Bundan tam 105 yıl öncesinde, yani 1898'deyiz; sıcak bir Temmuz sabahı... Avrupa'ya giden 'Marselles' gemisinde tüm yolcular güvertede dolanıyorlar... Marseilles, Atlas Okyanusu'nun sisli sabahında ağır ağır yol alırken, aniden kulakları sağır eden bir gürültü duyuluyor.
Güvertedekilerin birçoğu denize dökülürken, ön tarafı yırtılan Marseilles, bir anda yarıya kadar suyun içine gömülüyor. Gemi hızla batıyor ve hemen herkes, birkaç dakika içinde, kendini suyun içinde buluyor.
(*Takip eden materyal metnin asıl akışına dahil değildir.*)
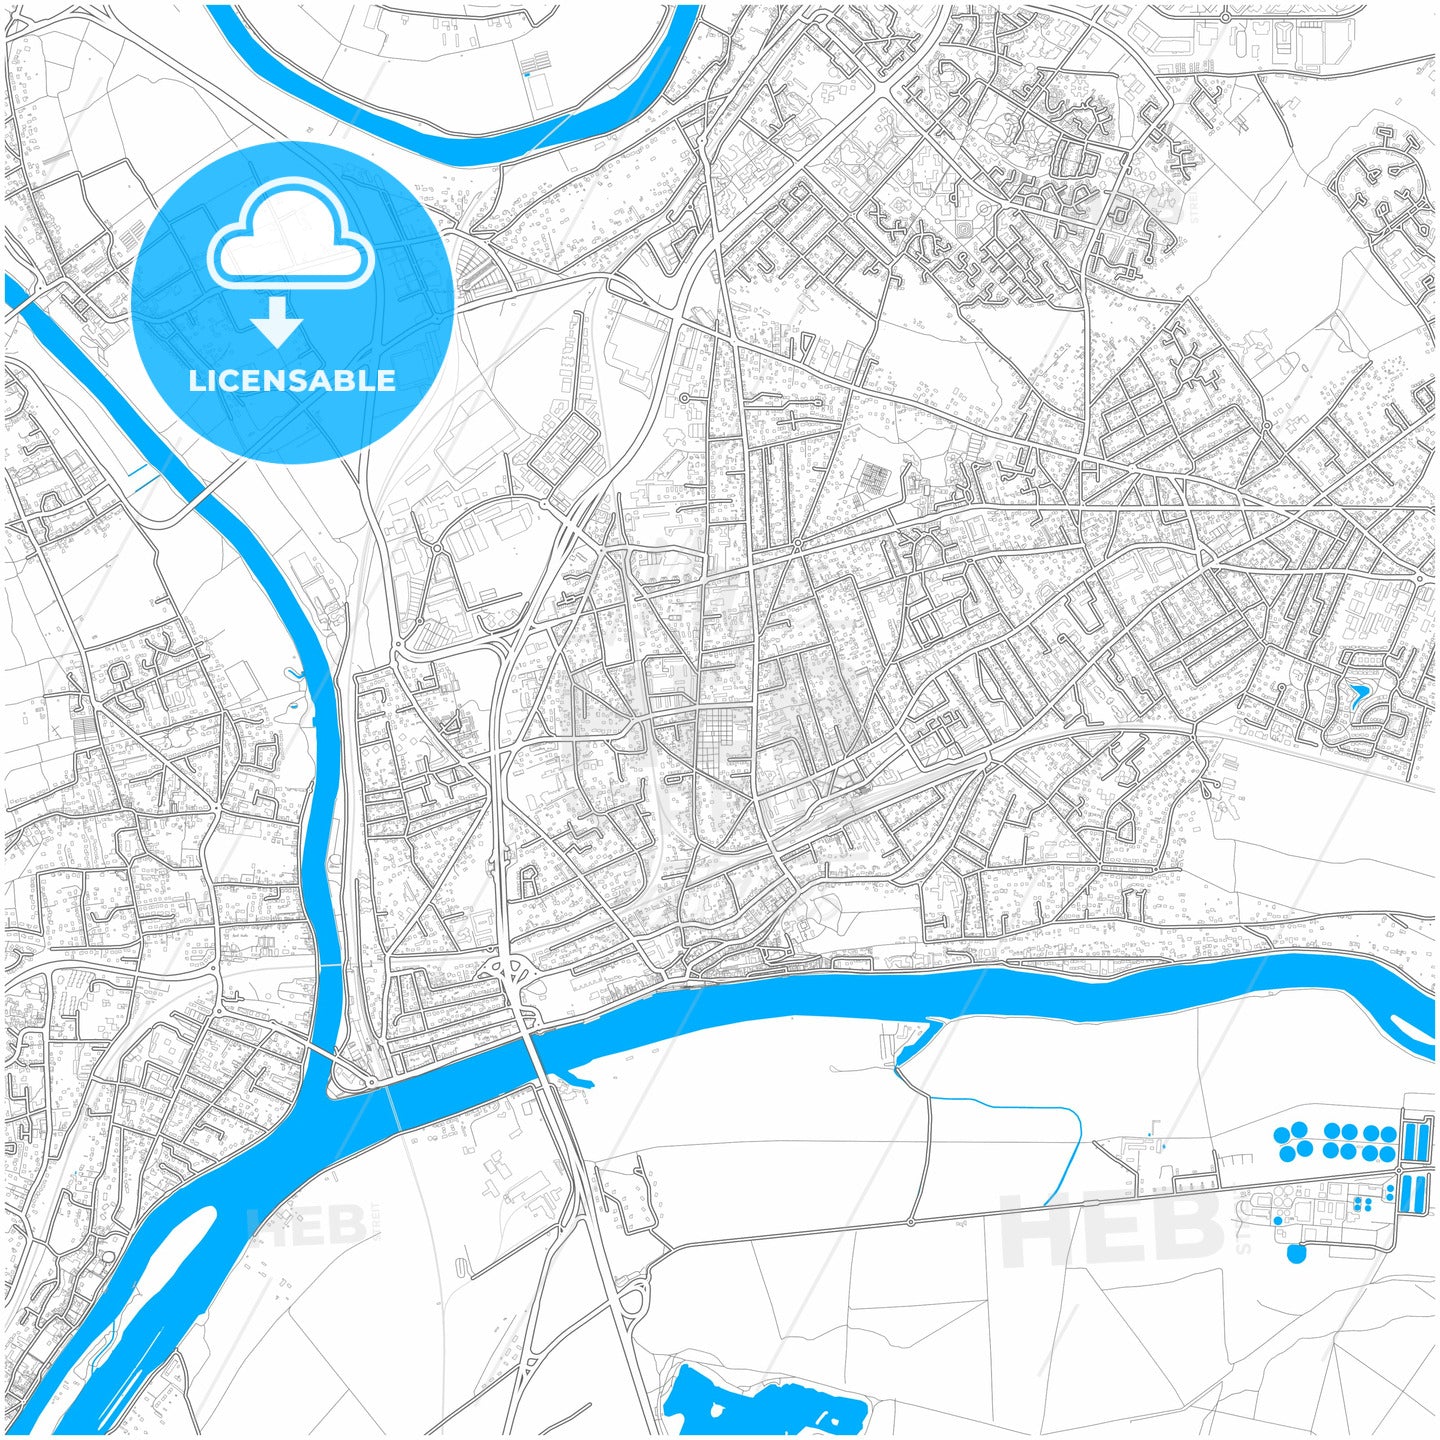 Conflans-Sainte-Honorine, Yvelines, France, city map with high quality roads.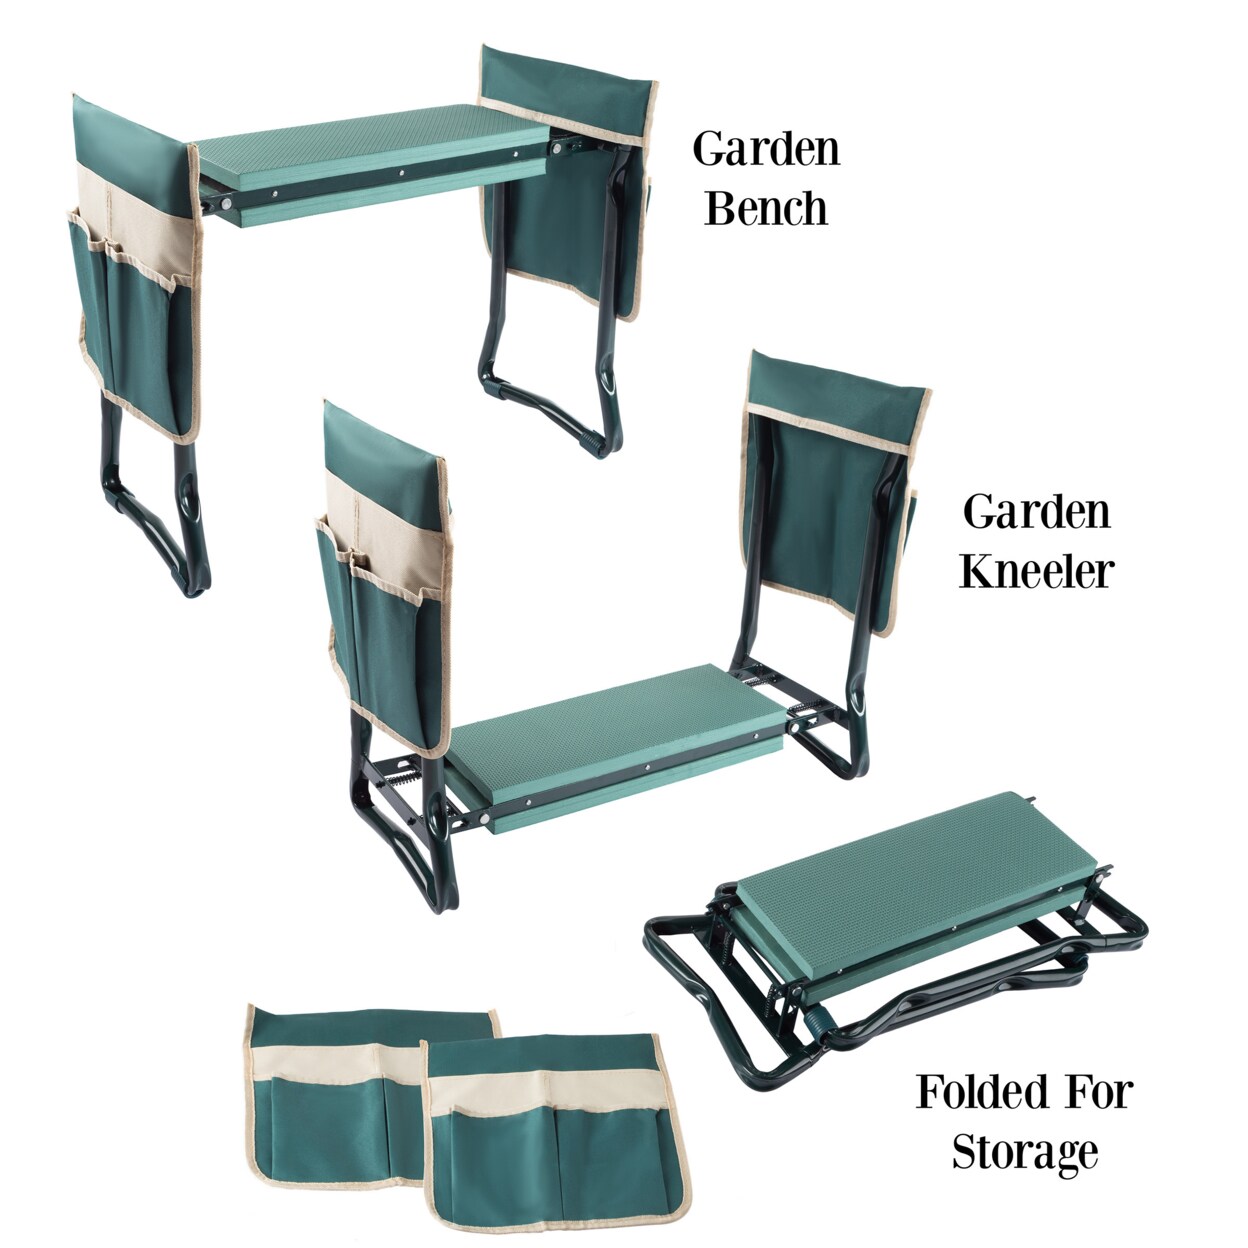 Pure Garden Gardening Kneeling Bench- Foldable Foam Pad Stool for Kneelers- 2 Tool Pouches and Handles Gardening Yardwork

Filikalara binebilenler ancak şanslı bir azınlık. Yolcuların çoğunu, Atlas Okyanusu yutuyor.
Koca Yusuf yüzerek bir filikaya yaklaşıyor ve iri elleriyle, filikanın kenarına tutunuyor. Ama Koca Yusuf'un iri elleri, 120 kilogramlık vücudunu inanılmaz bir güçle filikaya çekmeye çabalarken, filika da yalpalıyor. Filikadakiler, bir anda paniğe kapılıyorlar... Bu dev adam, filikaya çıkmaya çalışırken, sandalı batırabilir; filikadakilerin hepsi de Atlas Okyanusu'nun dibini boylayabilir!...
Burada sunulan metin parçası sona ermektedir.